Saturday, February 24, 2007

Darwin's Dangerous Idea

"The idea that one species of organism is, unlike all the others, oriented not just toward its own increated prosperity but toward Truth, is as un-Darwinian as the idea that every human being has a built-in moral compass--a conscience that swings free of both social history and individual luck." (Richard Rorty, "Untruth and Consequences," The New Republic, July 31, 1995, pp. 32-36.)

Rorty's pronouncements do not always inspire maximum confidence, but here he seems to be on to something (although like [Daniel Dennett, author of Darwin's Dangerous Idea he fails to see the real danger here). He says that two ideas are unDarwinian: that we have a mind oriented towards the Truth and a conscience that puts us in touch with right and wrong. Now Dennett does try to deal with the second from the Darwinian perspective (although what he really tries to explain is not how there could actually be such a thing as right and wrong, good and bad, from that perspective, but how it is that we think there is such a thing.)
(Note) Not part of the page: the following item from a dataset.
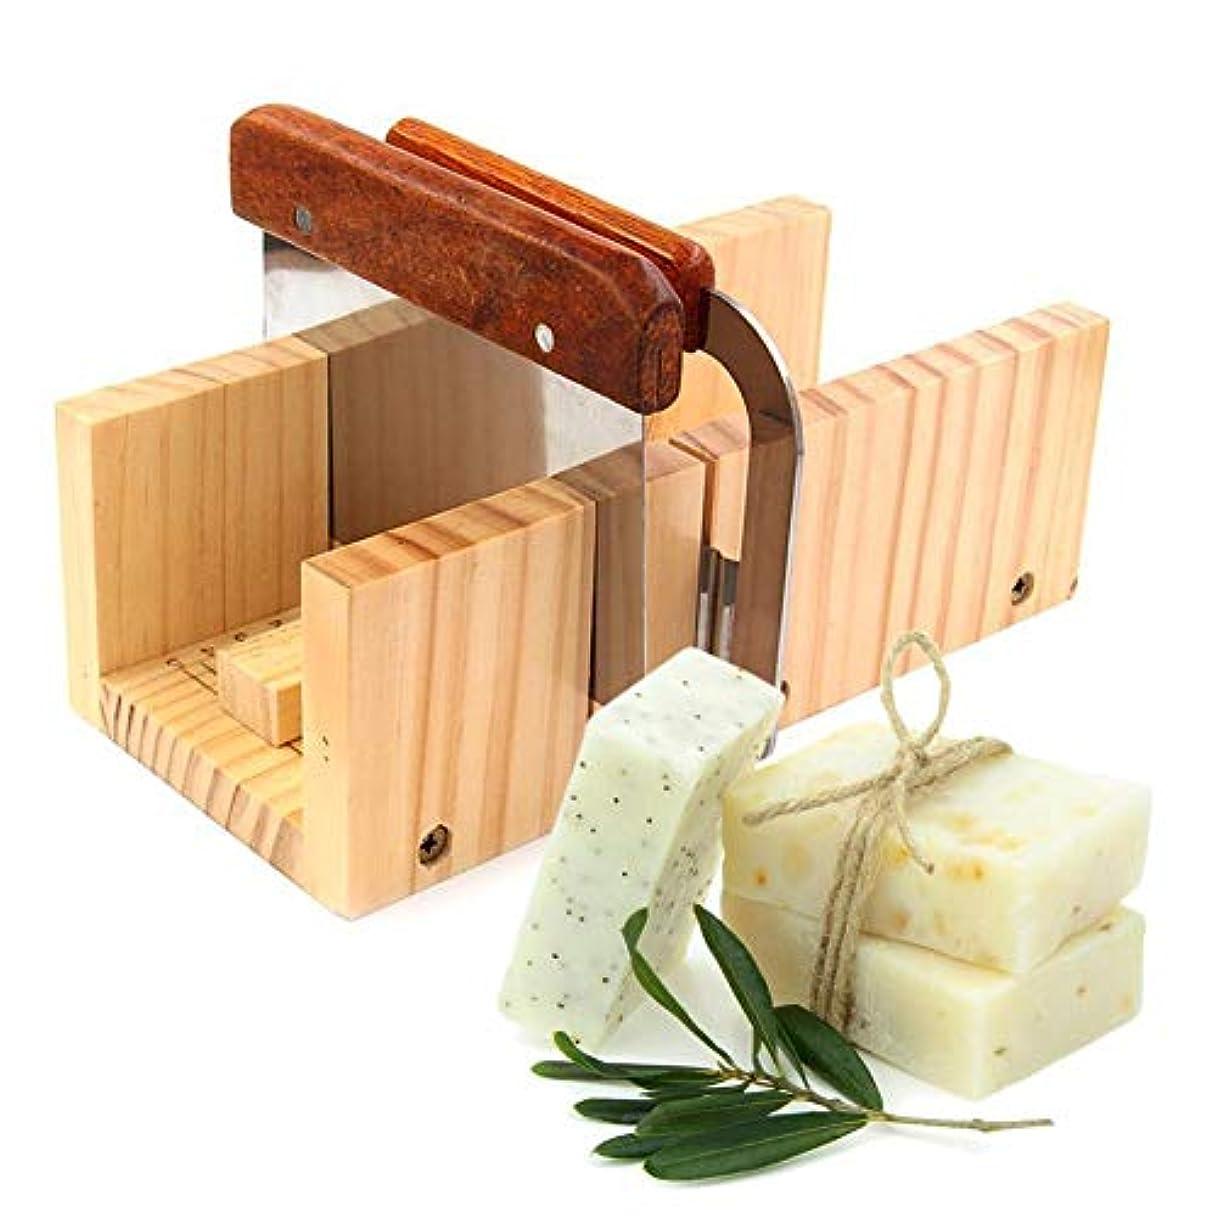 払い戻し適用するマニュアルソープモールド、調整可能、木製、ハンドメイド、石鹸、モールドアクセサリー、ストレートプレーナー付き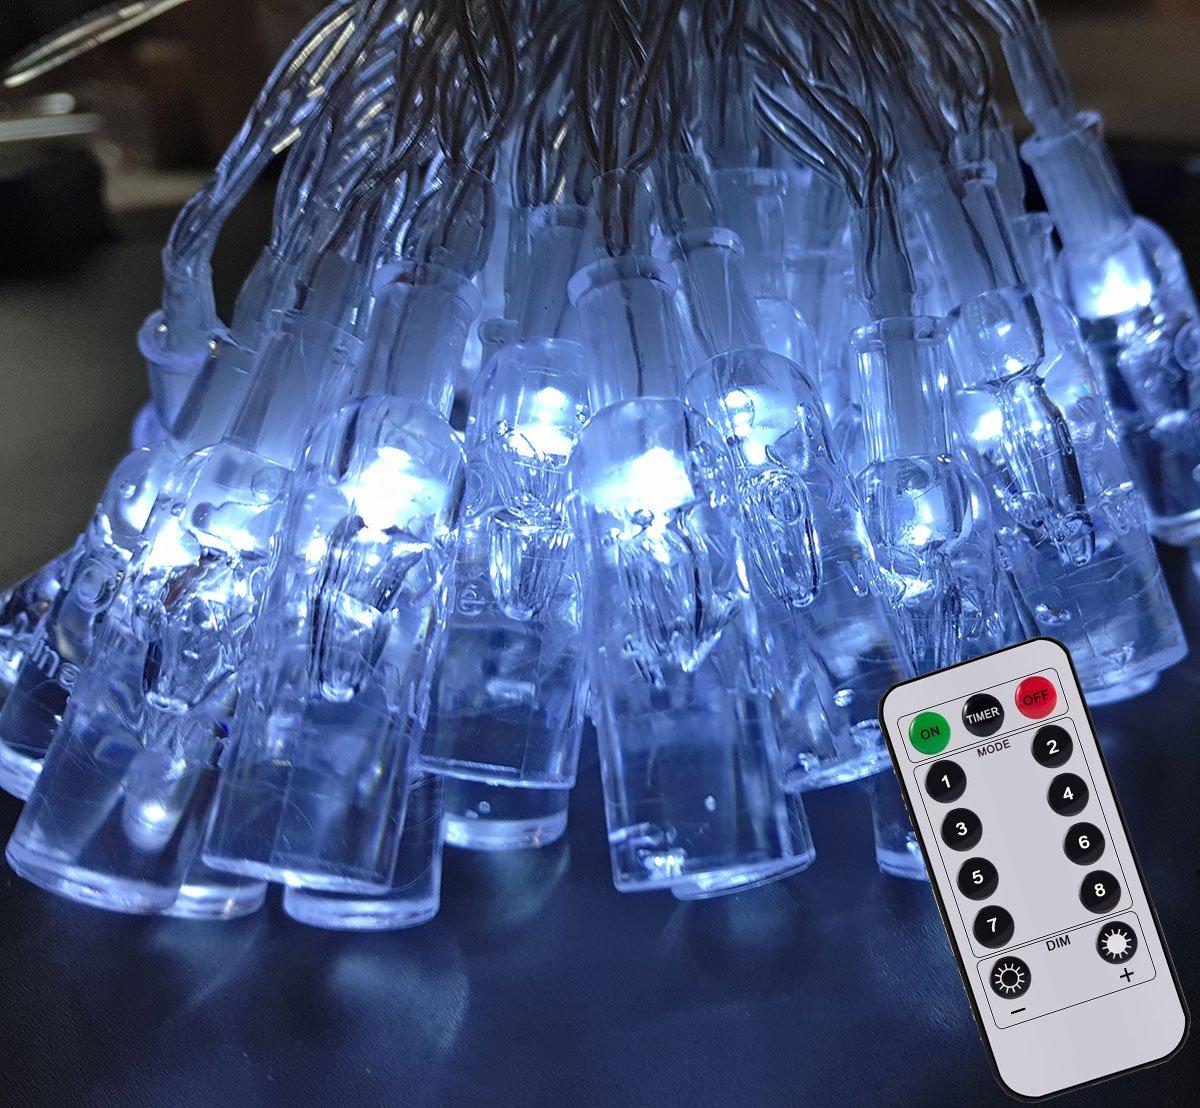 33FT/10M 80Led Impermeabile Bottiglia di vino Luce Strisce Luci della Stringa Chiara Alimentata a Batteria per Giardini Casa Matrimonio Festa di Natale Compleanno(Bianco) CORST

But the other part of Rorty's suggestion is where the real intellectual danger in Darwin's dangerous idea lies (at any rate if Rorty's "Truth" is just ordinary everyday truth). Why so? Here I can only hint at the argument. Darwin's dangerous idea is really two ideas put together: philosophical naturalism together with the claim that our cognitive faculties have originated by way of natural selection working on some form of genetic variation. According to this idea, then, the purpose or function of those faculties (if they have one) is to enable or promote survival, or survival and reproduction, more exactly, the maximization of fitness (the probability of survival and reproduction). Furthermore, the probability that our cognitive faculties are reliable (i.e., furnish us with a preponderance of true beliefs) on Darwin's dangerous idea is either low or inscrutable (i.e., impossible to estimate). But either gives the devotee of evolutionary naturalism a defeater for the proposition that his cognitive faculties are reliable, a reason for doubting, giving up, rejecting that natural belief. If so, then it also gives him a reason for doubting any beliefs produced by those faculties. This includes, of course, the beliefs involved in science itself. Evolutionary naturalism, therefore, provides one who accepts it with a defeater for scientific beliefs, a reason for doubting that science does in fact get us to the truth, or close to the truth. Darwin himself may perhaps have glimpsed this sinister presence coiled like a worm in the very heart of evolutionary naturalism: "With me," says Darwin, "the horrid doubt always arises whether the convictions of man's mind, which has been developed from the mind of the lower animals, are of any value or at all trustworthy. Would any one trust in the convictions of a monkey's mind, if there are any convictions in such a mind?"

Modern science was conceived, and born, and flourished in the matrix of Christian theism. Only liberal doses of self-deception and double-think, I believe, will permit it to flourish in the context of Darwinian naturalism.